Sordo is still in a position to fight for the third podium place on Sunday’s final leg as he is only 5.1s behind Ogier in fourth place. And he has little to worry about from behind, with M-Sport’s Teemu Suninen being 42.2s behind in fifth.

After his puncture and wheel change, Tänak immediately recovered to sixth place, demoting Citroën’s second driver Esapekka Lappi back to seventh on Castagniccia.

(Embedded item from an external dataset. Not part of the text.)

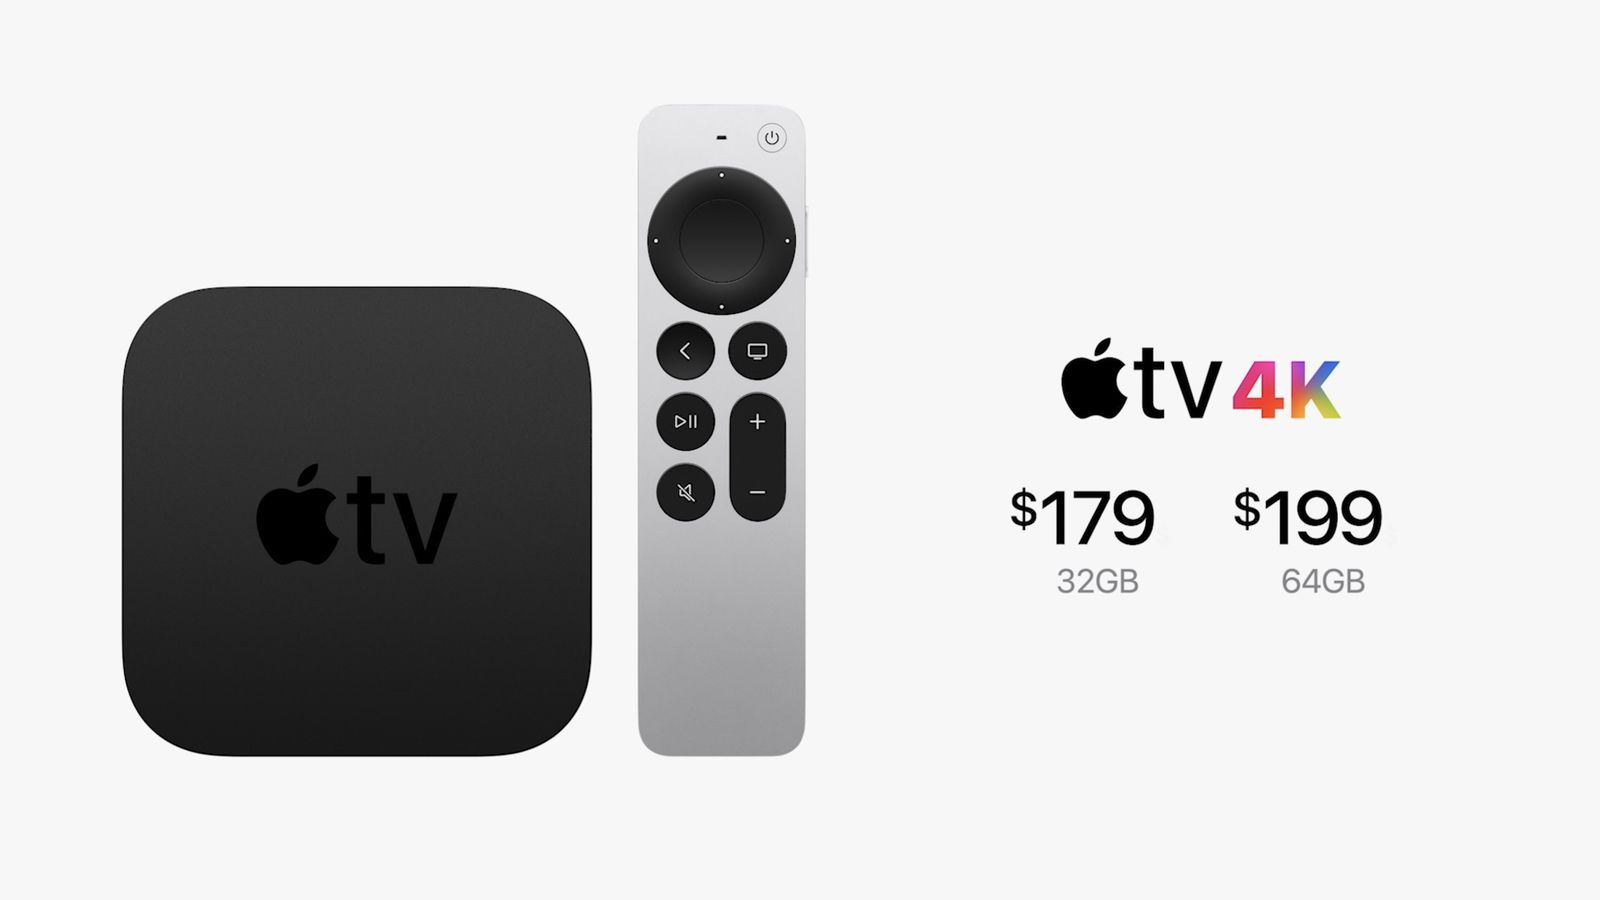 Apple TV 4K: Tận hưởng trải nghiệm giải trí tuyệt vời với Apple TV 4K. Cùng nhau xem các bộ phim và chương trình yêu thích của bạn với độ phân giải siêu nét và âm thanh sống động. Đến với Apple TV 4K, bạn sẽ thực sự được trải nghiệm cuộc sống đúng nghĩa của mình.

But the current championship leader knows his hopes for victory or even a podium are blown away, with 51.19km of competitive distance left tomorrow.

Lappi is 4.8s adrift of Tänak but well ahead of four-time Tour de Corse winner Sébastien Loeb in eighth, with an advantage of 1m22.1s after the Frenchman suffered long delays on SS1 yesterday with right-rear damage to his Hyundai i20. Kris Meeke, recovering from a similar problem that occured yesterday, is 34.5s behind in ninth, with his Toyota team-mate Jari-Matti Latvala in 10th.

Like Tänak, Latvala also suffered a front-right puncture on Désert des Agriates, setting him back a further couple of minutes, though he had been delayed for the same reason yesterday.

For the FIA WRC 2 Pro class, this second championship round has been a particularly ruthless experience as none of the category contenders has reached the finish line at the end of the day. Škoda Motorsport’s Kalle Rovanperä retired on the morning pass of Castagniccia, and Łukasz Pieniążek crashed out on the afternoon running of the same stage. The M-Sport driver ran wide at a right hander, striking a wall, falling off the edge of the road and getting stuck in a ditch.

FIA WRC 2 is headed by Italy’s Fabio Andolfi, who had inherited the lead from Eric Camilli this morning after a problem for the Frenchman on Castagniccia. Camilli had reduced a gap of over 30s to only 5.4s after SS11 but he was abruptly stopped in his tracks when his Volkswagen Polo GTI R5 suddenly caught fire and burned to its shell. Both Camilli and co-driver François-Xavier Buresi were unharmed but the car was destroyed, ending their rally. Russia’s Nikolay Gryazin is second in the FIA WRC 2 class and 12th overall, ahead of Norway’s Ole Christian Veiby in third place.